After much thought, we find that \(3⋅3−4⋅2=9−8=1\). Factor the remaining trinomial.

\(\begin{aligned} -60a^{2}-5a+30&=-5(12a^{2}+a-6) \\ &=-5(4a\quad )(3a\quad )\\&=-5(4a+3)(3a-2) \end{aligned}\)

Answer:

\(-5(4a+3)(3a-2)\). The check is left to the reader.

Example \(\PageIndex{9}\)

Factor using the AC method:

\(18x^{2}−21x+5\).

Solution:

Here \(a = 18, b = −21\), and \(c = 5\).

\(\begin{aligned}ac&=18(5) \\ &=90 \end{aligned}\)

Factor \(90\) and search for factors whose sum is \(−21\).

\(\begin{aligned} 90&=1(90) \\ &=2(45) \\ &=3(30) \\ &=5(18) \\ &=\color{OliveGreen}{6(15)}\quad\color{Cerulean}{\checkmark} \\ &=9(10) \end{aligned}\)

In this case, the sum of the factors \(−6\) and \(−15\) equals the middle coefficient, \(−21\). Therefore, \(−21x=−6x−15x\), and we can write

\(18x^{2}\color{OliveGreen}{-21x}\color{black}{+5=18x^{2}}\color{OliveGreen}{-6x-15x}\color{black}{+5}\)

Factor the equivalent expression by grouping.

\(\begin{aligned} 18x^{2}-21x+5&=18x^{2}-6x-15x+5 \\ &=6x(3x-1)-5(3x-1) \\ &=(3x-1)(6x-5) \end{aligned}\)

Answer:

\((3x-1)(6x-5)\)

Example \(\PageIndex{10}\)

Factor using the AC method: \(9x^{2}−61x−14\).

Solution:

Here \(a = 9, b = −61\), and \(c = −14\).

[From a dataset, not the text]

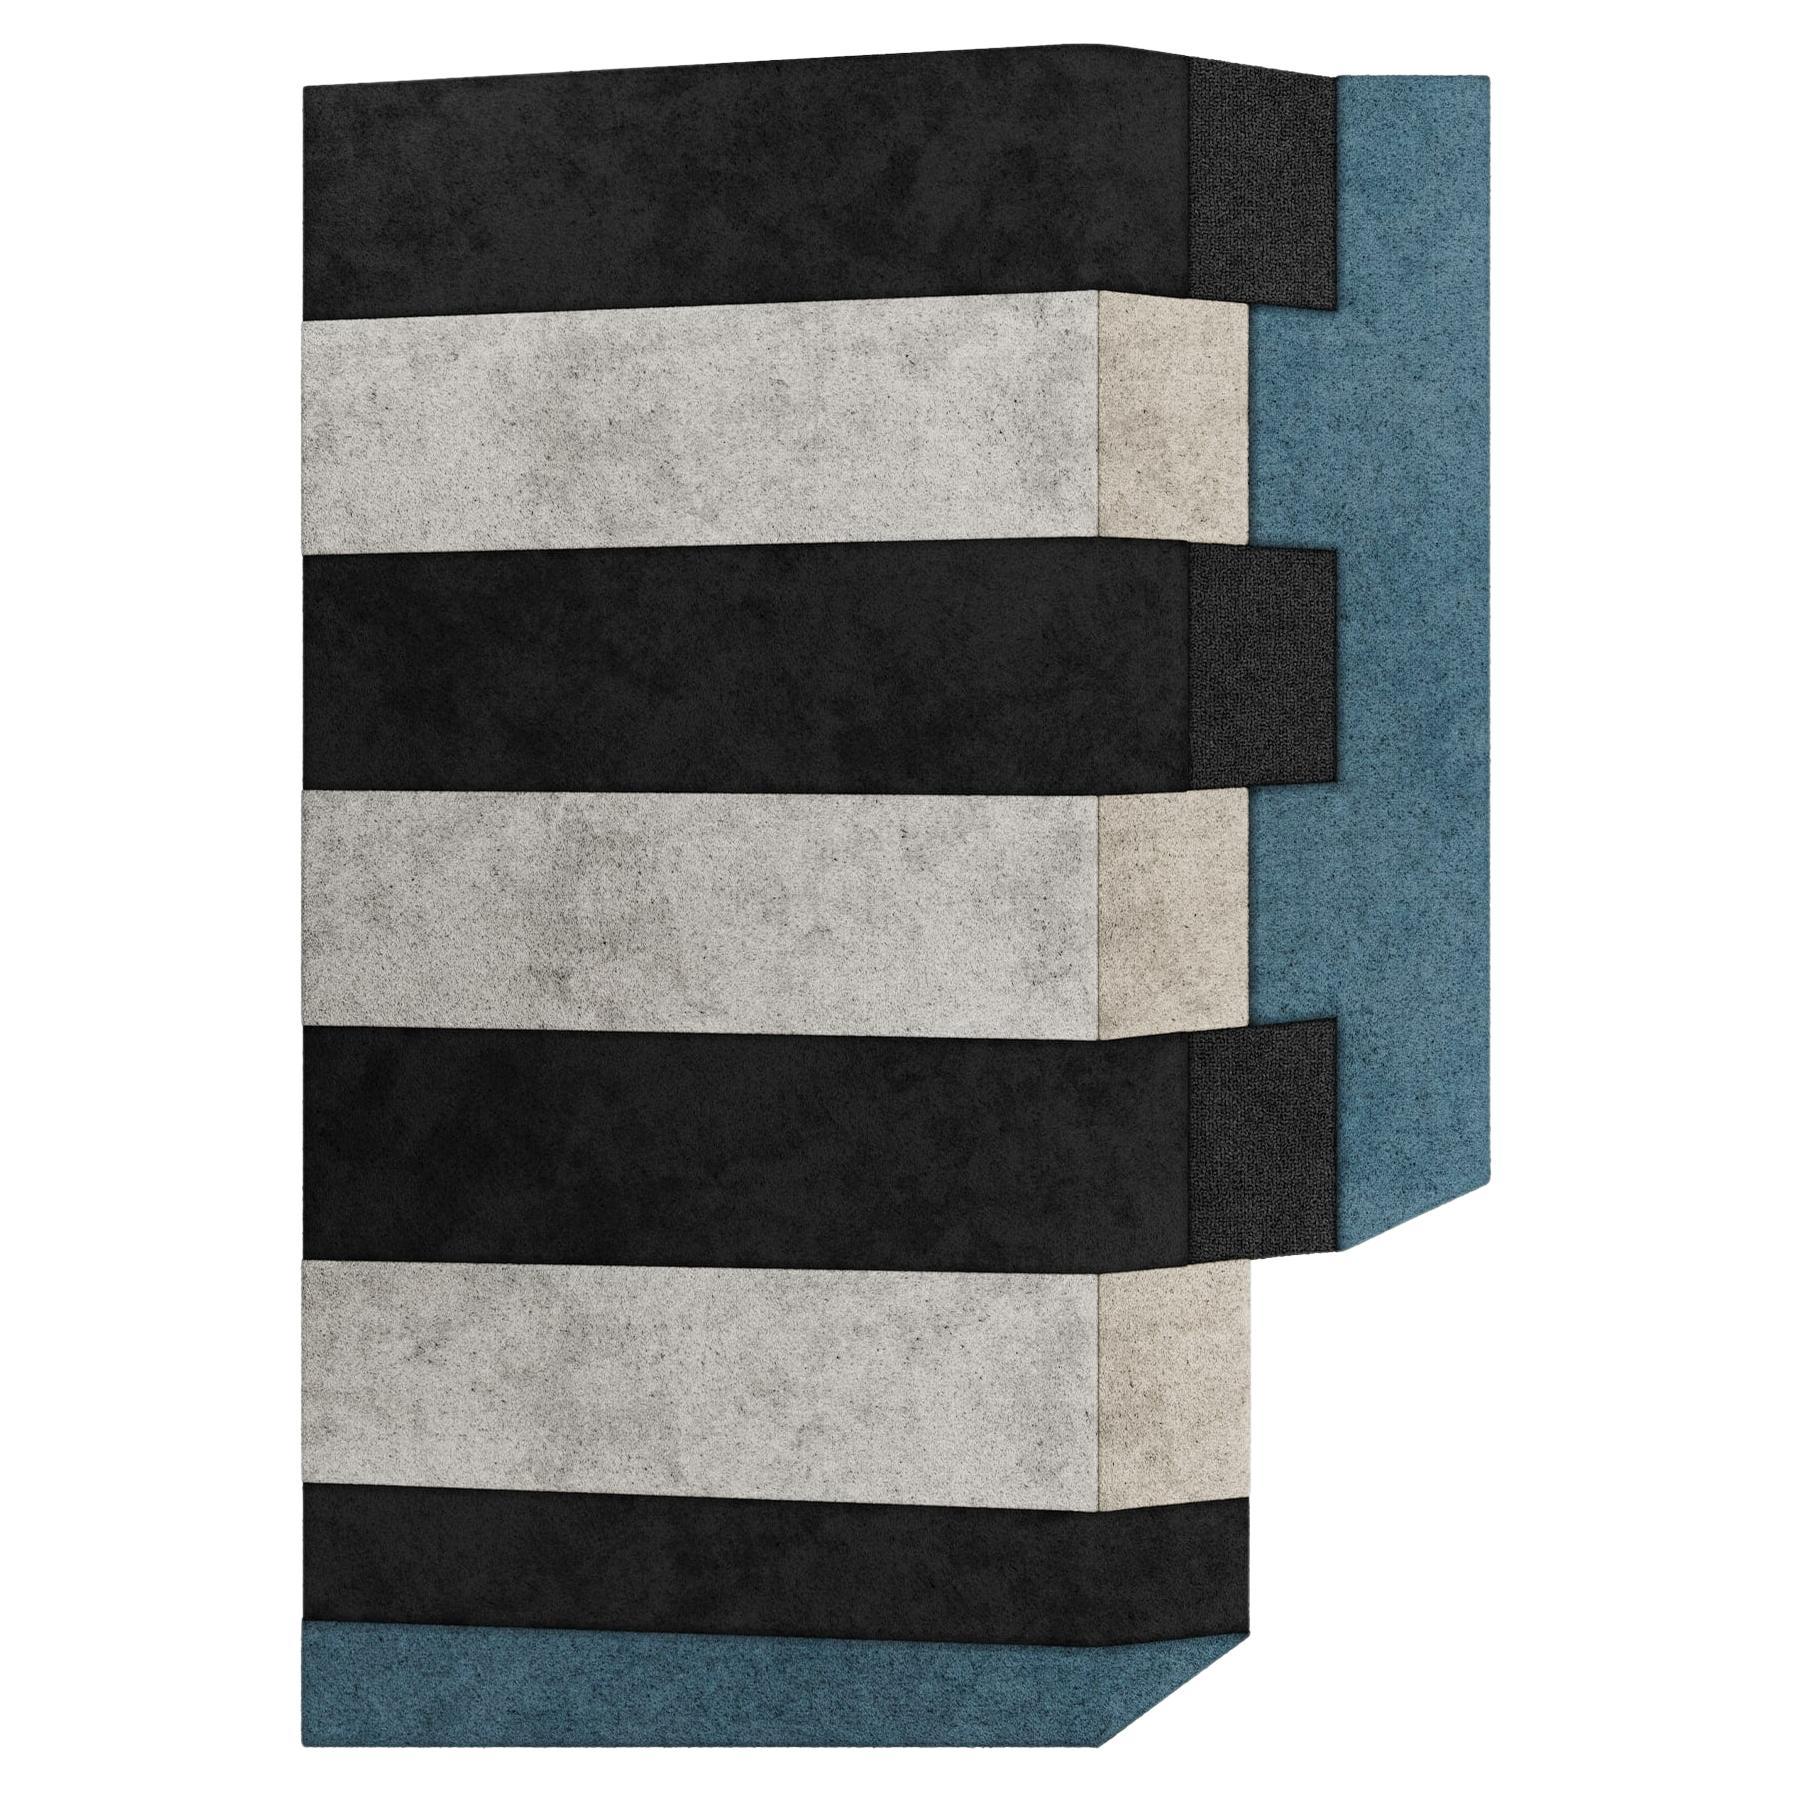 Moderner geometrischer Eco-Friendly Retro-Teppich mit unregelmäßiger Form, handgefertigt, modern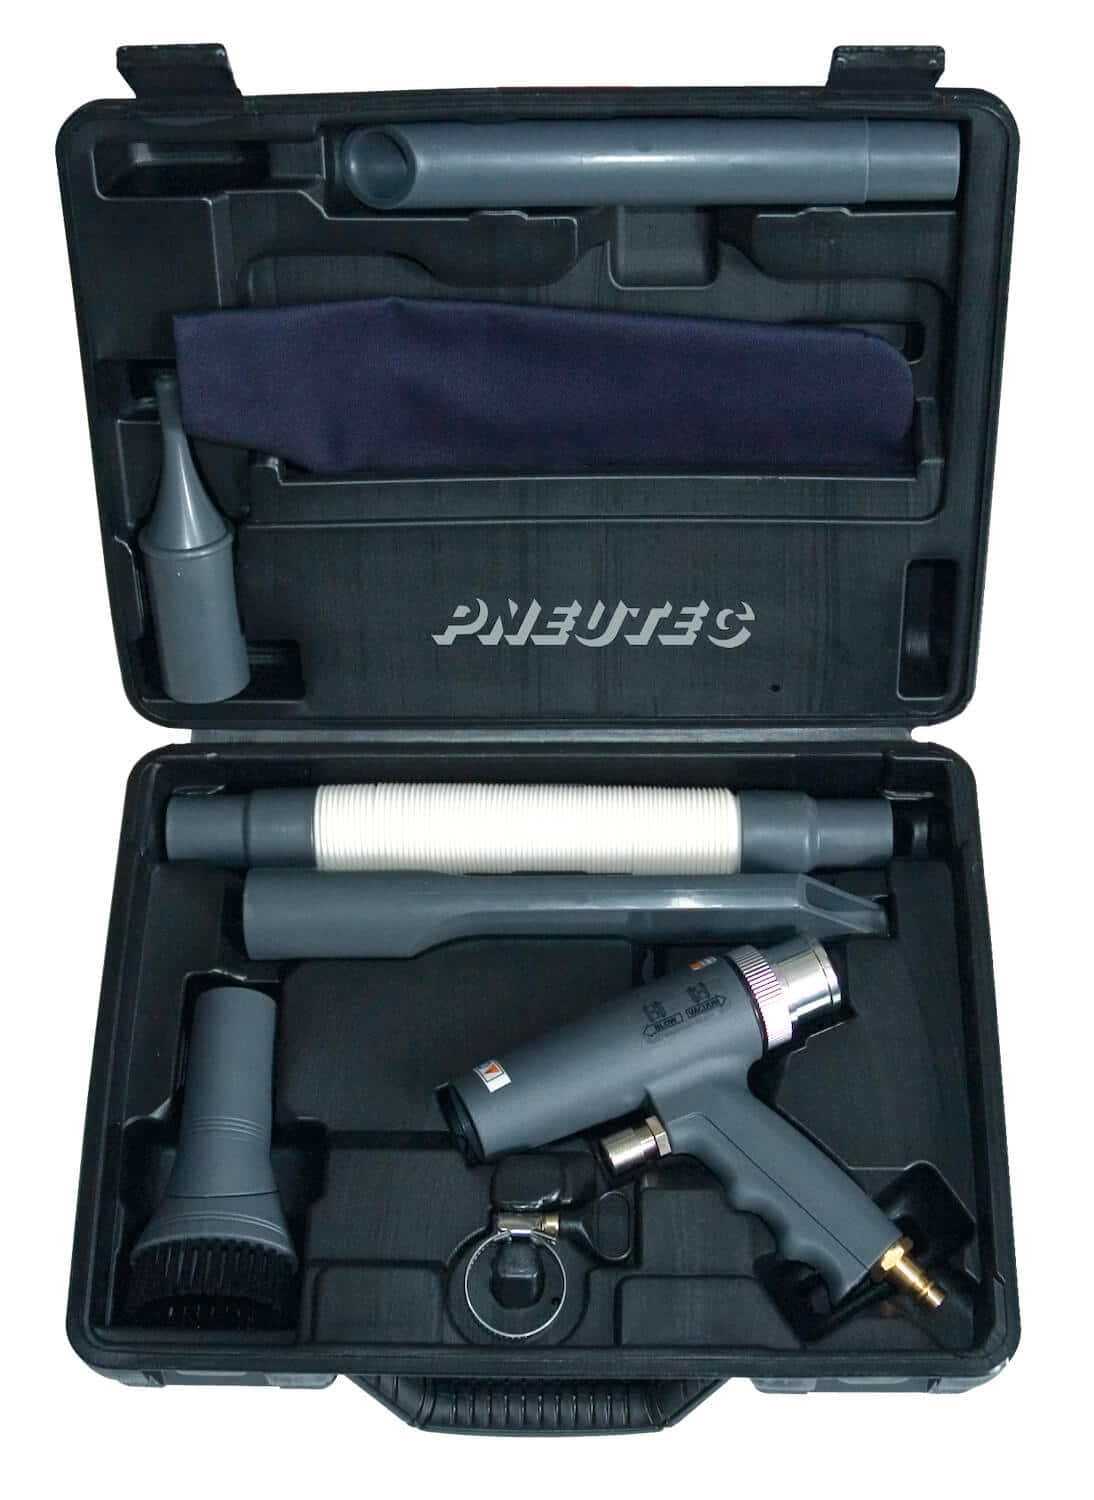 Staubsauger und Blaspistolen-Set mit umfangreichem Zubehör im praktischen Kunststoffkoffer.

We factor \(-126\) as follows:

\(\begin{aligned} -126&=1(-126) \\ &=\color{OliveGreen}{2(-63)}\quad\color{Cerulean}{\checkmark} \\ &=3(-42)\\&=6(-21)\\&=7(-18)\\&=9(-14) \end{aligned}\)

The sum of factors \(2\) and \(−63\) equals the middle coefficient, \(−61\). Replace \(−61x\) with \(2x−63x\):

\(\begin{aligned} 9x^{2}-61x-14&=9x^{2}+2x-63x-14\quad\color{Cerulean}{Rearrange\:the\:terms.} \\ &=9x^{2}-63x+2x-14\quad\color{Cerulean}{Factor\:by\:grouping.}\\&=9x(x-7)+2(x-7) \\ &=(x-7)(9x+2) \end{aligned}\)

Answer:

\((x-7)(9x+2)\). The check is left to the reader.